WORK ORDER:
Any picture in the listing is left out of the copy; all else is duplicated exactly.

DATA SHOWN:
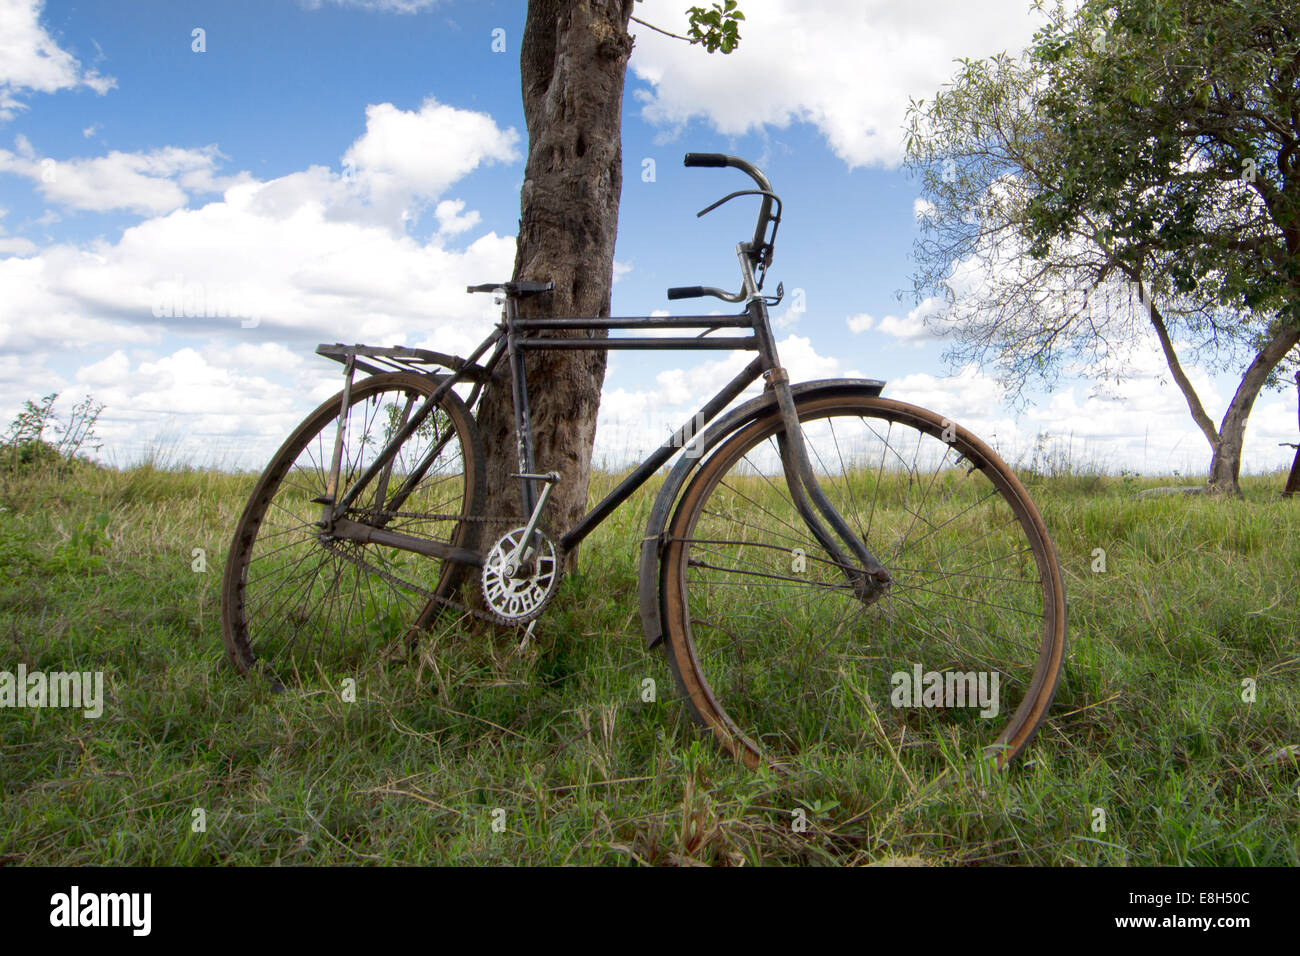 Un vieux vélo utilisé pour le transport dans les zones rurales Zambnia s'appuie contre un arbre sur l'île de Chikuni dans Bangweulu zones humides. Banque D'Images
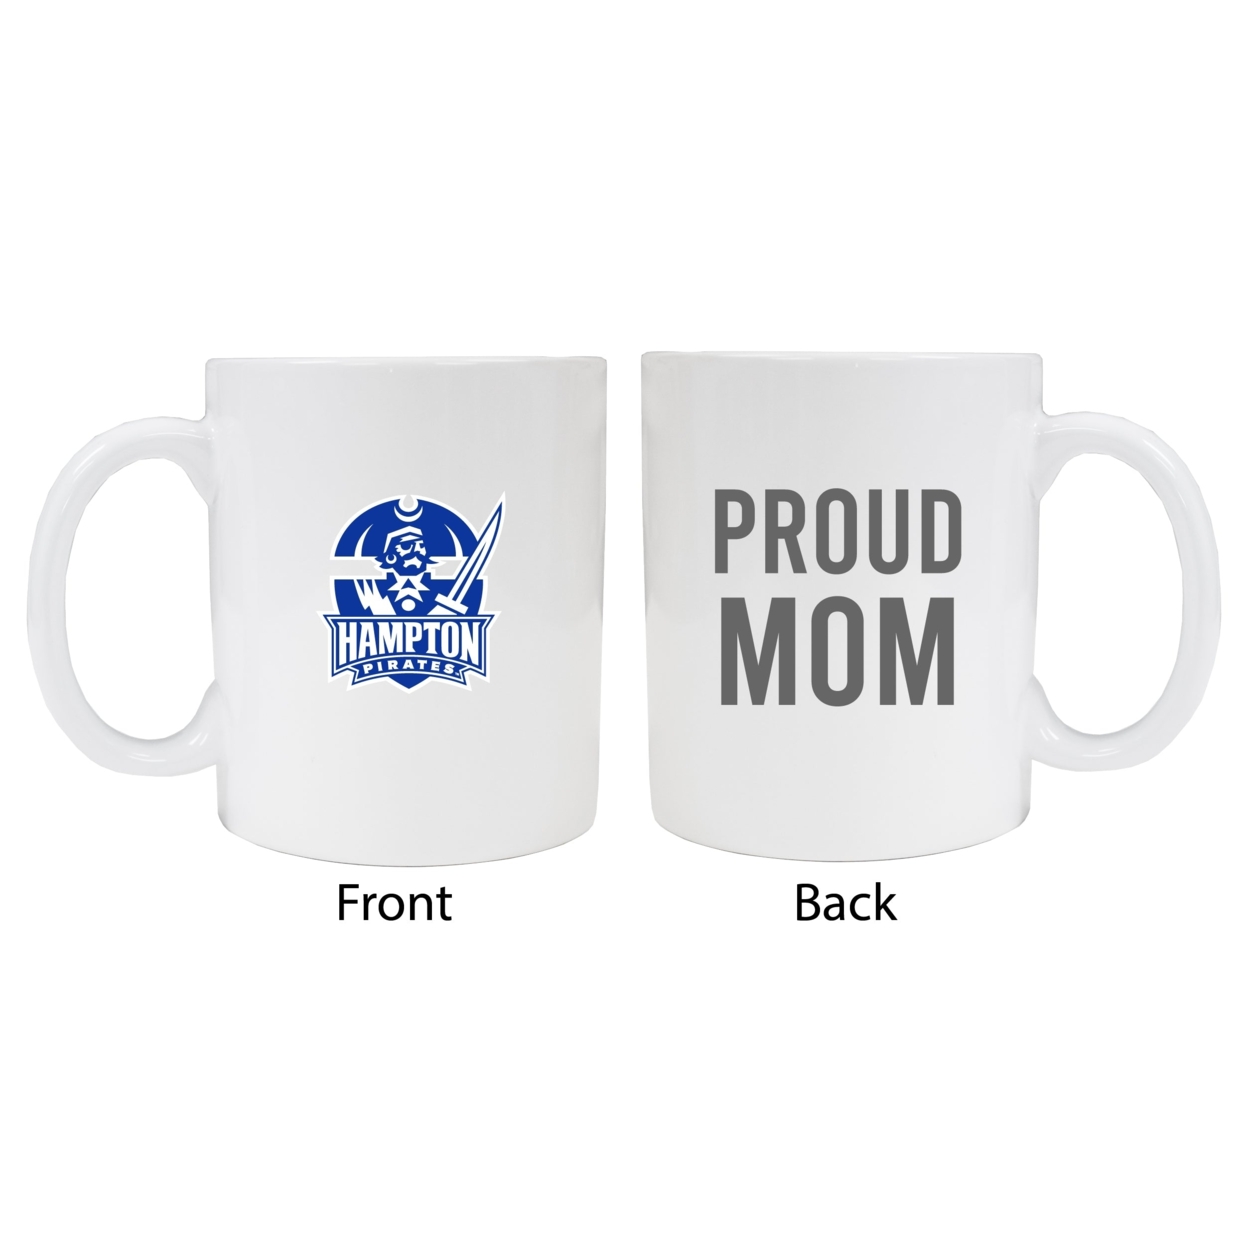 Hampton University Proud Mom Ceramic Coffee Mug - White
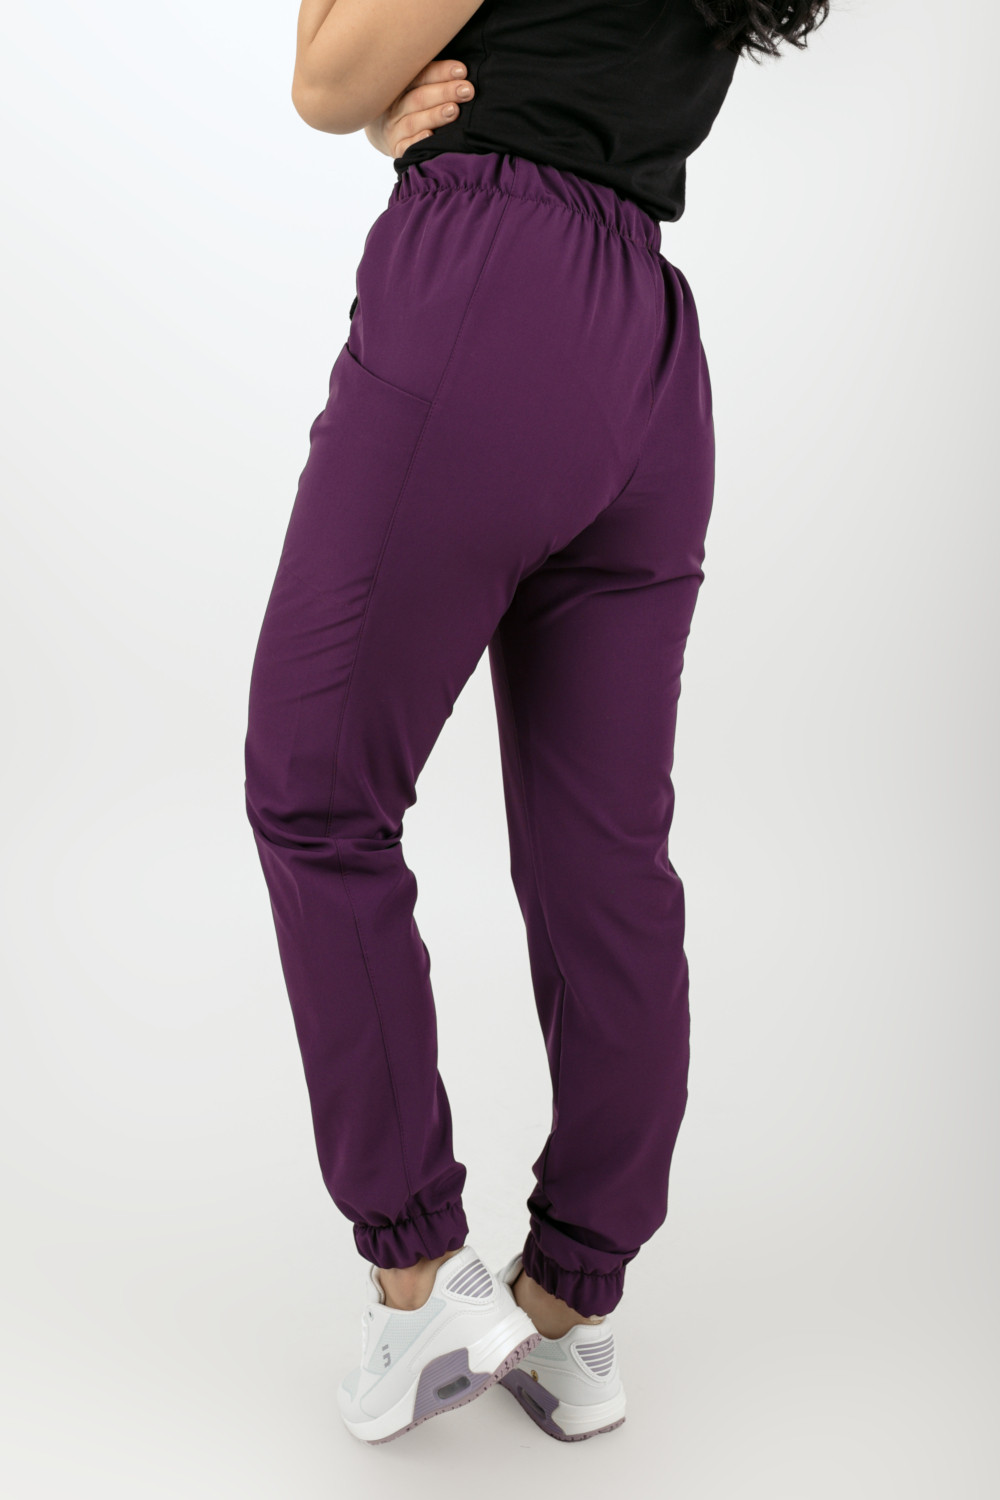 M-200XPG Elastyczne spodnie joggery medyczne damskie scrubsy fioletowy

EXERCISE OUTPUT:
 Un vieux vélo utilisé pour le transport dans les zones rurales Zambnia s'appuie contre un arbre sur l'île de Chikuni dans Bangweulu zones humides. Banque D'Images
 Hampton University Proud Mom Ceramic Coffee Mug - White
 M-200XPG Elastyczne spodnie joggery medyczne damskie scrubsy fioletowy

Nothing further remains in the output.